Dedalus is completely declarative and logic based. This is nothing like most us of are used to. I have to say the data flow language approach makes more intuitive sense to me, but I feel this is something that I should try to understand. Hopefully a Dummies book will be out soon :-)

Mr. Hellerstein wrote an overview of the paper in a blog post. What follows is from that post.

The goal of the talk is to: 1) summarize seven years of experience using logic to build distributed systems and network protocols (including P2, DSN, and recent BOOM work), and 2) set out some ideas about the foundations of distributed and parallel programming that fell out from that experience.

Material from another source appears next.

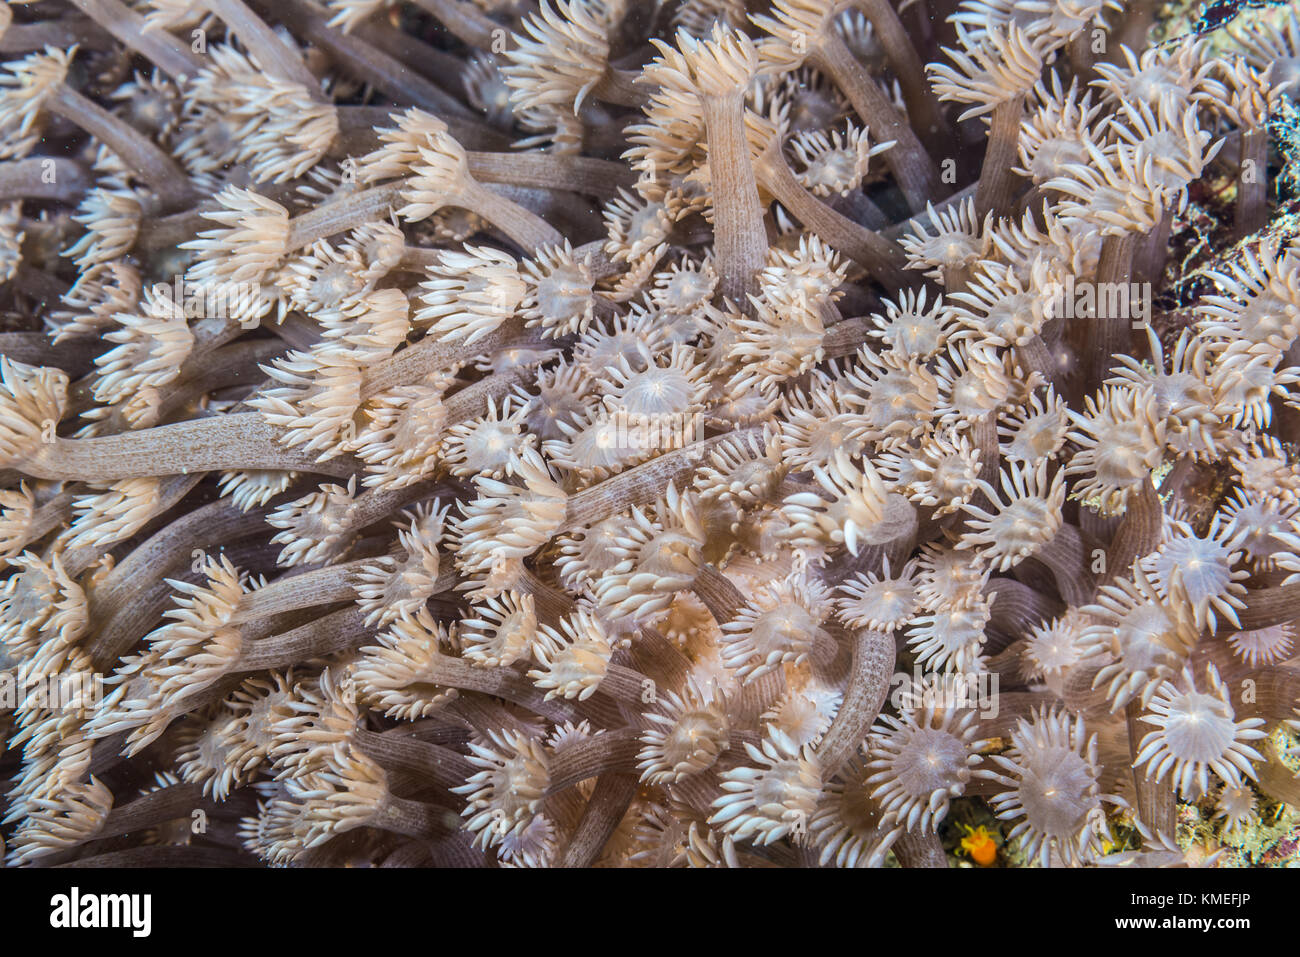 kind a stone coral (Goniopora lobata Milne Edwards, 1860) extending polyps. Owase, Mie, Japan Stock Photo

The big ideas he discusses in the paper are:

  1. The CALM Conjecture. CALM stands for “Consistency And Logical Monotonicity”. The conjecture maps out the systems that can be implemented in an eventually consistent fashion without any coordination or waiting across sites. The answer? Systems that can be expressed in monotonic logic.  As a somewhat simplified rubric, this includes systems that (a) do append-only updates (no overwriting) and (b) never try to aggregate data across sites via counting, summing, voting, finding a max or min, etc.  (This is more restrictive than what CALM intends: these behaviors can in fact be “used” monotonically in special cases.  More on that another day.)  Interestingly, cross-site joins and recursion are included: these are monotonic operations and can easily be implemented in an eventually consistent, streaming fashion.

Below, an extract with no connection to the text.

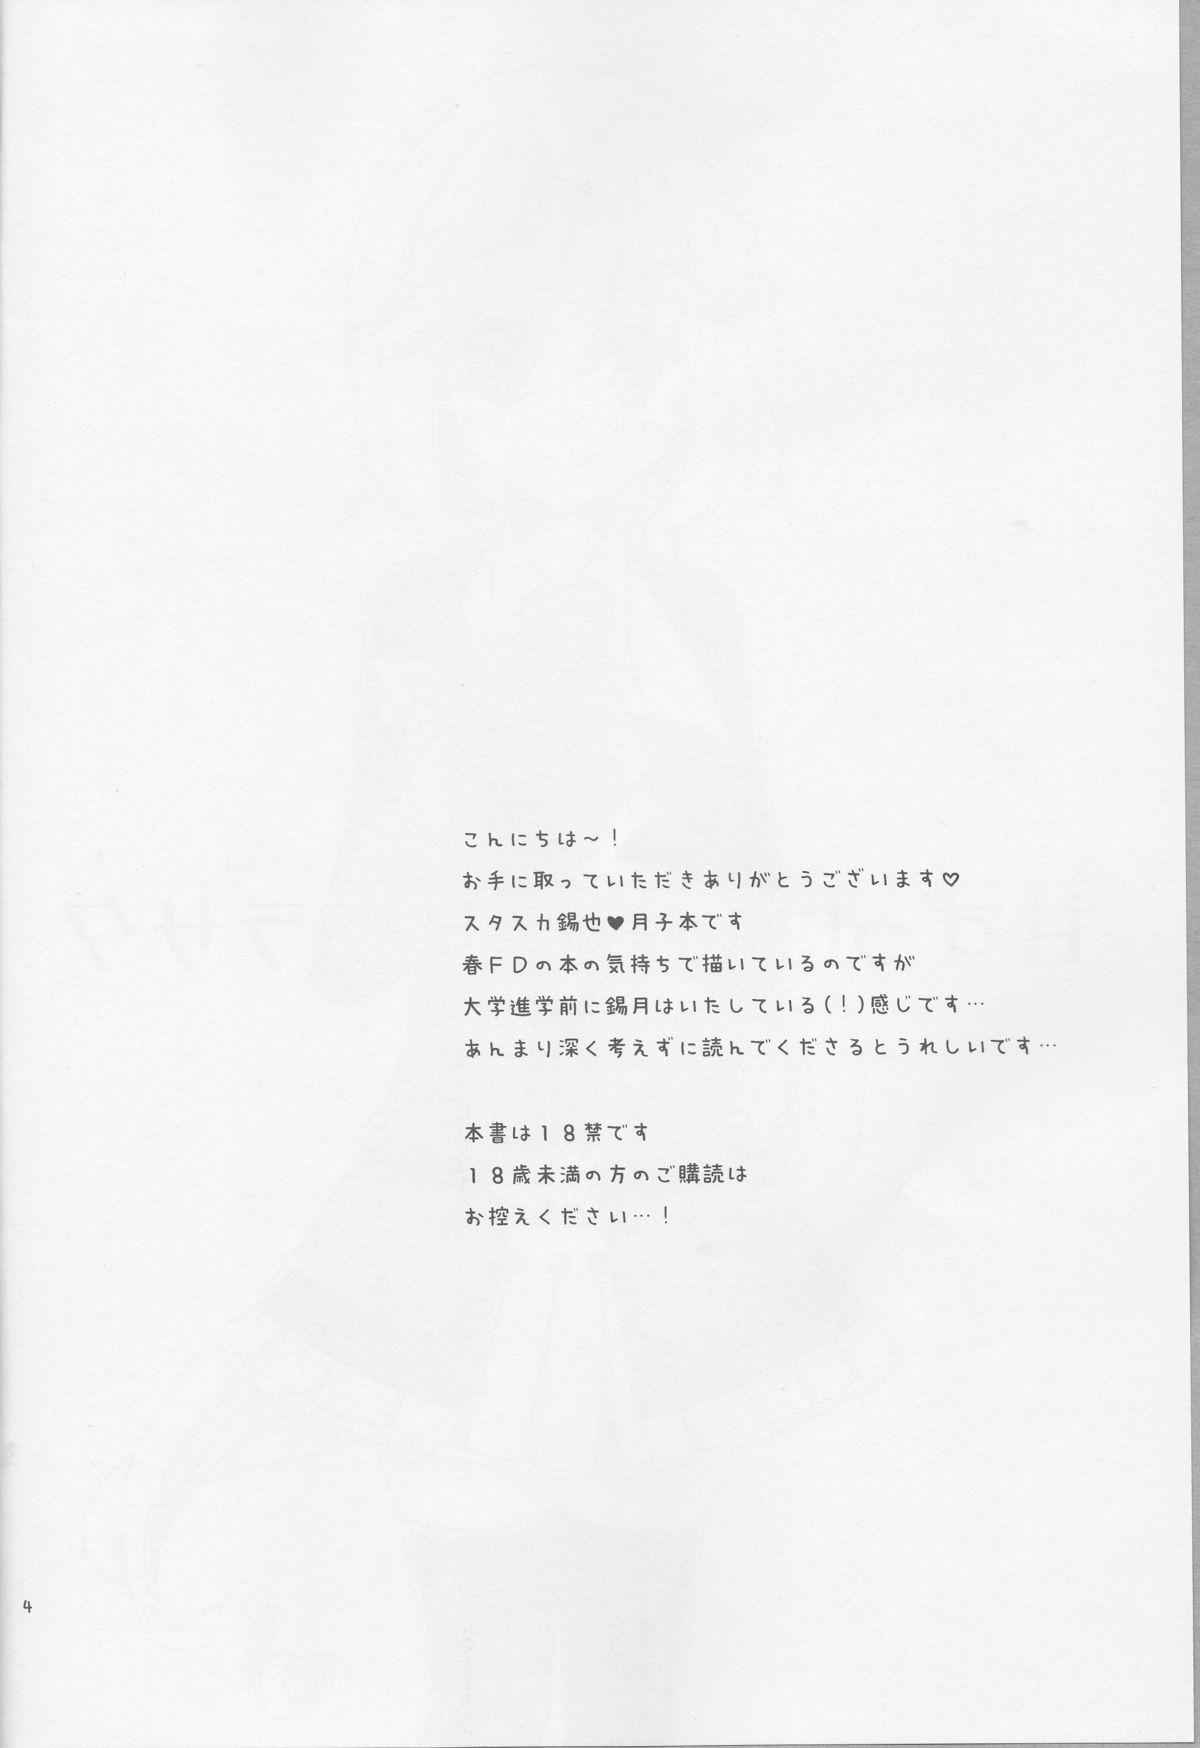 Pervs Amazuppai Haru ni Sakura Saku - Starry sky Stockings - Page 4

  2. The CRON Conjecture. CRON stands for “Causality Required Only for Non-Monotonicity”.  It’s an extension or corollary of CALM to address classic distributed systems complexities of coordinating clocks across machines (Lamport’s famous foundations and follow-ons).  It basically says that you can toss out all of that distributed clocks stuff if your program is monotonic (a corollary of CALM), and also says that you need that stuff if the results you ship between machines are involved in non-monotonic operations—again, aggregation and state overwrites are the standard examples. As a side-note, it also argues that monotonic systems will work correctly even if messages are delivered at an earlier time than they are sent!  (If you think this sounds nuts, think about restarting a process but reusing its message logs from earlier runs to save work.)

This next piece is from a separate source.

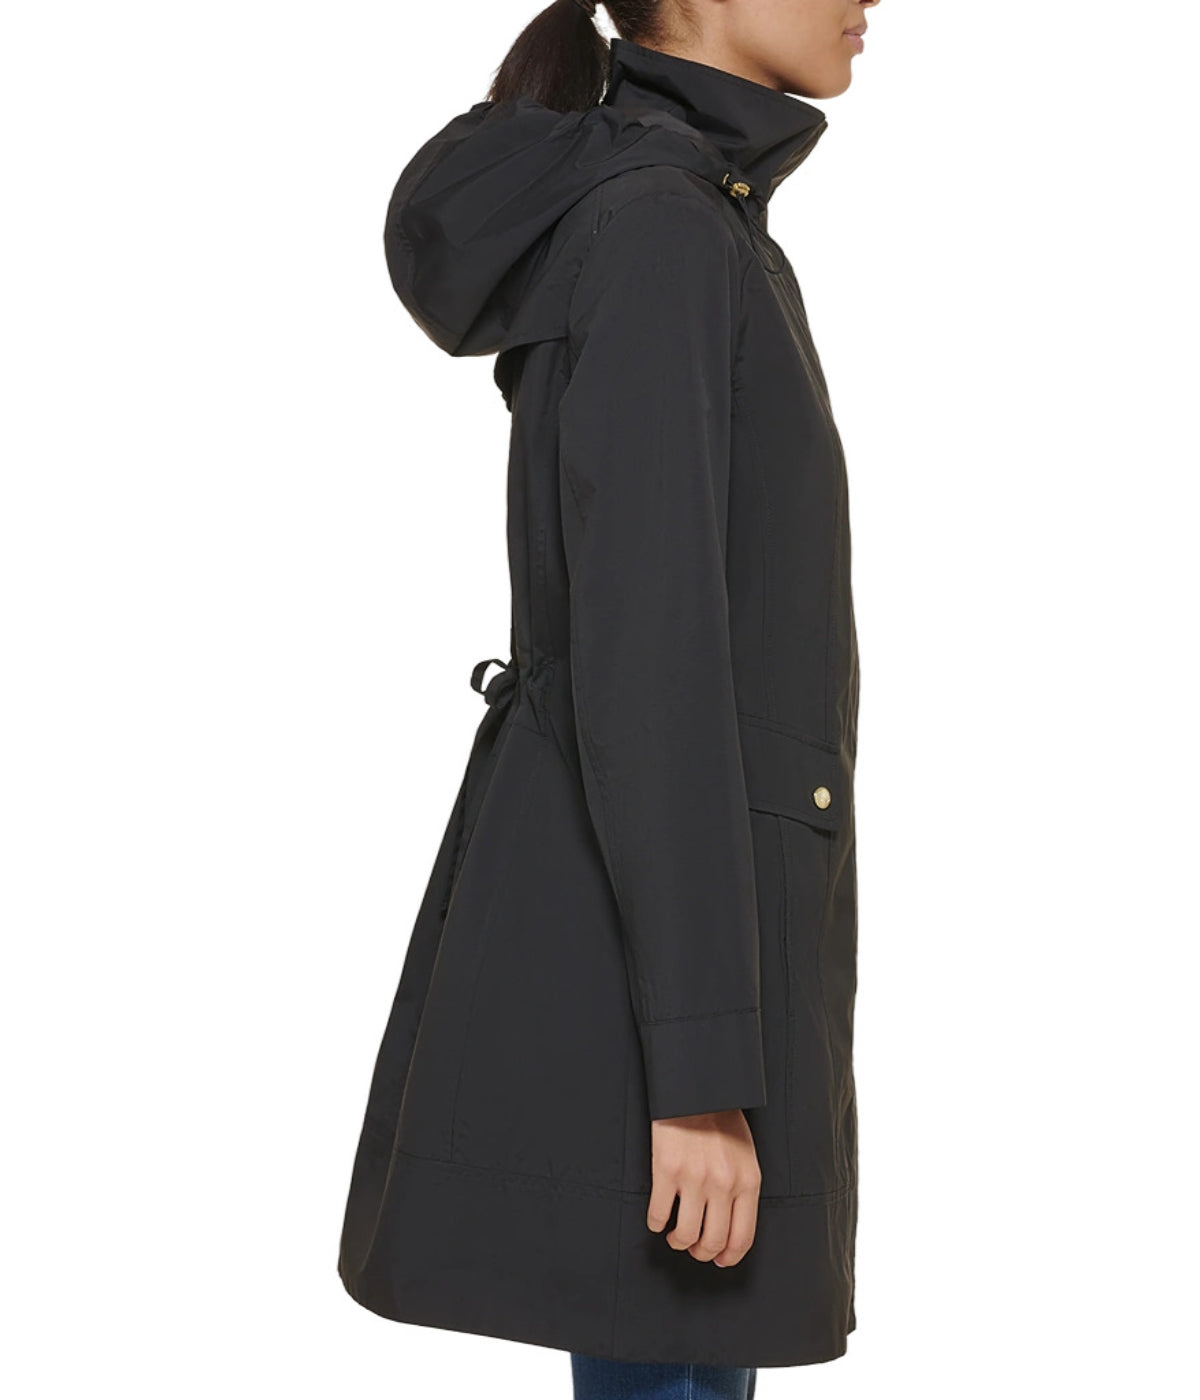 Packable Hooded Anorak Raincoat Black

  3. The Fateful Time Conjecture. This one is more cosmic — it tries to explain the underlying purpose of Time in computing (and maybe in general).  The basic idea is that Time (meaning both the sequentiality of program steps in a single “thread”, and coordination of steps across threads/machines) is needed for only one purpose: to prevent multiple possible states from co-occurring. I.e. the purpose of time is to seal fate at each instantaneous moment. What happens if you don’t seal fate?  One of two things: (a) logically impossible things like “P and Not P” co-occur, or (b) multiple non-deterministic choices among valid possibilities co-occur (so-called “multiple worlds”). I’m claiming that if you are using synchronization in a program — i.e. preventing things from happening in parallel — then you should convince yourself that the parallelism you avoided would have led to those conditions.  Otherwise you are Wasting Time.  (Did you think through this the last time you wrote a two consecutive lines in Java/Python/C?  I didn’t think so.  Hopefully Bloom will help automate that thinking for you!)